Warren County Democratic Committee Chairwoman Lynn Boecher said she believes that Cobb is an effective candidate because she is “authentic.”

“She’s stayed pretty true to the values she espoused during the campaign,” she said.

In addition, Boecher said Cobb has not just faded into the woodwork after her election loss. She is familiar with the local issues and the candidates running for local office.

“She knows her homework and she knows the county,” Boecher said.

Cobb has a strong network of volunteers and offered to assist local candidates in running for office with petitions, according to Boecher.

Another advantage is name recognition.
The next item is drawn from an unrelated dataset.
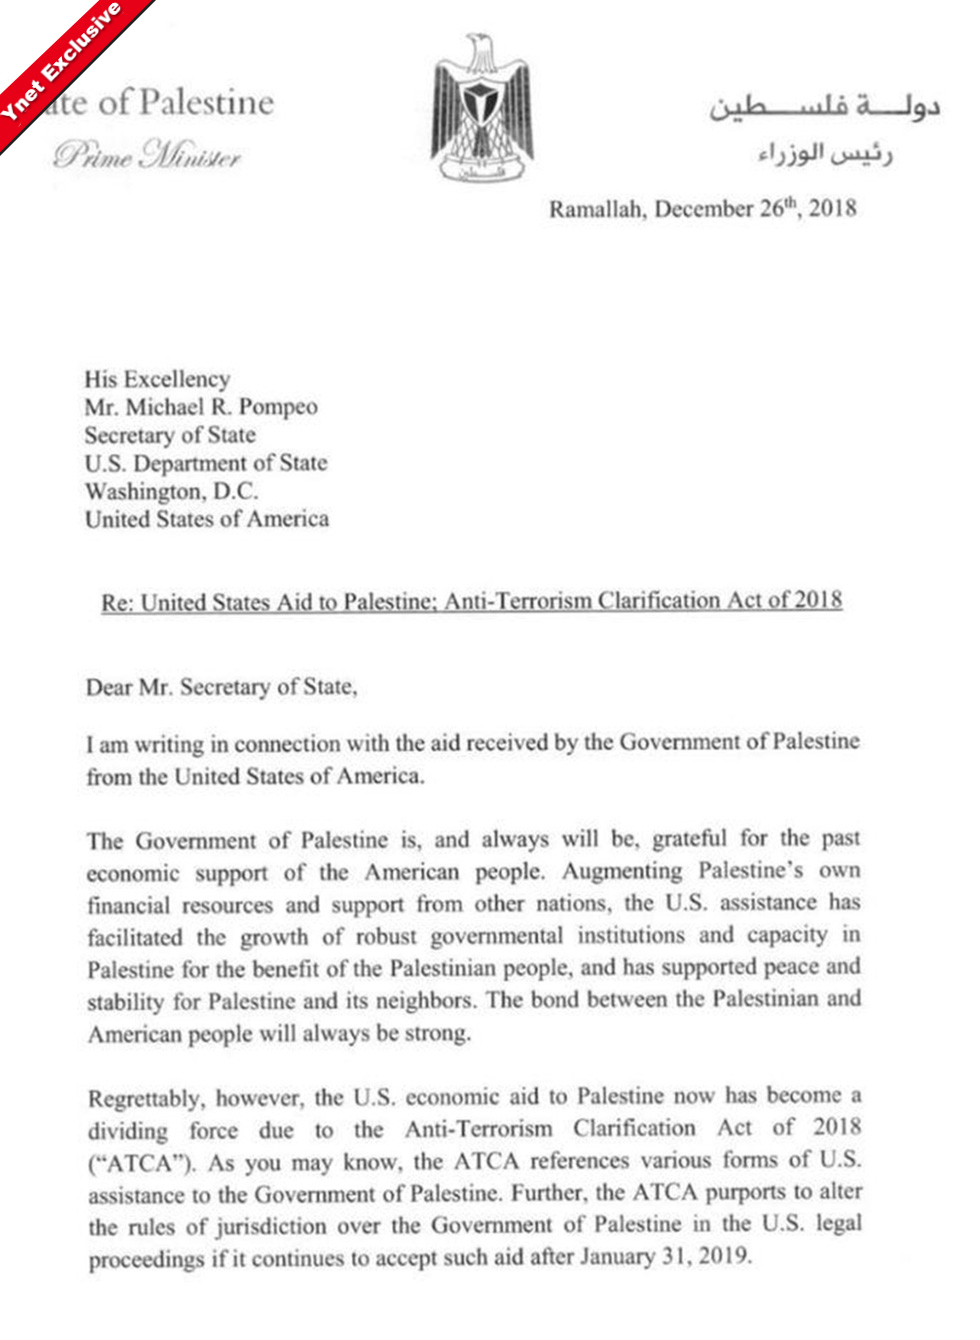 Abbas letter to Pompeo

Boecher said she has not heard of any Democrat stepping forward at this time.

Boecher said that in Warren County, voters are informed and not as likely to vote in a party line vote, but someone who votes with their values.

Boecher also likes that Cobb does not resort to negative campaigning, which she believes the country is tired of.

“She’s focused on legislation that is impacting us negatively. She doesn’t do that by framing a vitriolic attack on Elise Stefanik, which I frankly find refreshing,” she said.

When asked if Cobb had a chance at unseating Stefanik, Boecher said she is realistic but pointed to the current occupant of the Oval Office.

“If anybody two years ago, in 2016, said Donald Trump had a shot, we all said he didn’t have a shot and he’s president of the United States. In this day and age, anybody has a shot,” she said.